Dear Matthew,

We faced similar challenges when collecting and shipping subsurface water samples or samples from freshwater lochs.

Samples were collected by pulling them up into use-once sterile syringes.

Since sample volume was not a limiting factor we settled on filling 22 mL glass vials (the type typically used for head-space analysis) to the brim (actually to slight overflow) and sealing the vials with crimp seals fitted with PTFE backed silicone septa.

This approach can easily be adapted to smaller sample volumes by using e.g. 2 mL autosampler vials (amber) and correspondingly size crimp seals.

To minimize risk of sample deterioration due to microbial activity we sterile filtrated samples through 0.2 um syringe filters into the vials.
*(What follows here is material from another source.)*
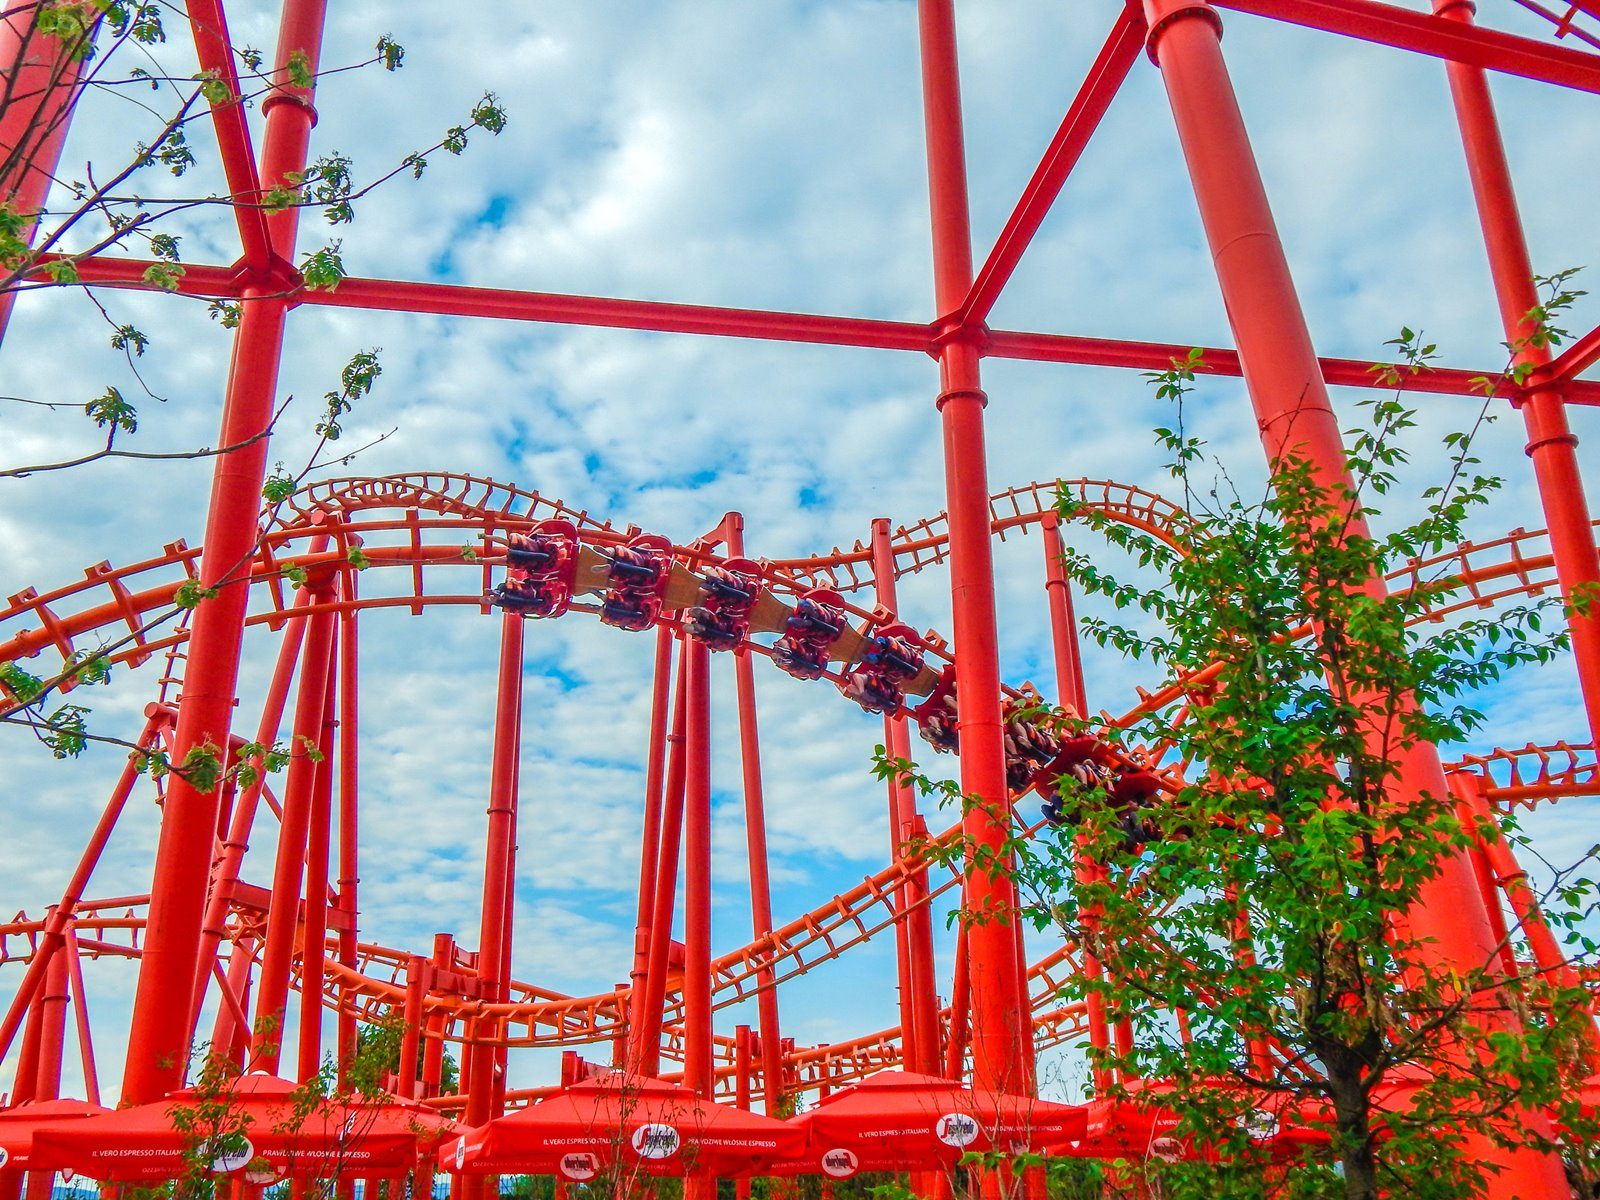 15 enerylandia atrakcje dla rodzin dla dzieci dla starszych czy warto ile kosztuje bilet jak dojechać recenzja opinie strach boję się roller coaster karuzele strefa wodna speed water coster pokazy lista

The small air volume in a vial is completely replaced by the water sample during this process.  However, if you feel even this contact with air might cause problems for your particular samples you could crimp the vials and flush them with N2 prior to use.  To do this you jury-rig a syringe needle to a N2 cylinder and insert the needle through the septum.  You need a second relieve needle through which air can escape and to prevent pressurizing the vial.

Kind regards,


-----Original Message-----
From: Stable Isotope Geochemistry [mailto:[log in to unmask]] On Behalf Of Matthew DeCesare
Sent: 16 December 2014 20:43
To: [log in to unmask]
Subject: [ISOGEOCHEM] Preventing pore water d18O & DO contamination

Hello everyone,

I will be taking part in an Antarctic expedition to the Ross Sea in January and will be using Rhizon samplers to extract pore water from kasten and piston cores for pH, dissolved oxygen, salinity and d18O analysis. However I am concerned about sample contamination with regard to DO and d18O and would like your advice.

In the original proposal the extracted pore waters were going to be injected into septa capped glass vials under a Helium filled portable glove bag, however there were concerns using pressurized glass vials and needles on a ship. It was advised that we use HDPE bottles (or centrifuge vials) to store the pore water after extraction. I am unsure if the pore water will be contaminated by the atmosphere during extraction (using a syringe as a vacuum attached to a hydrophobic tube and filter placed inside of the core) and if there is a method for storing pore water that will minimize possible gas exchange.

I would imagine that unless the extraction and analysis is done under an anoxic environment, the pore water will be compromised. Is this true?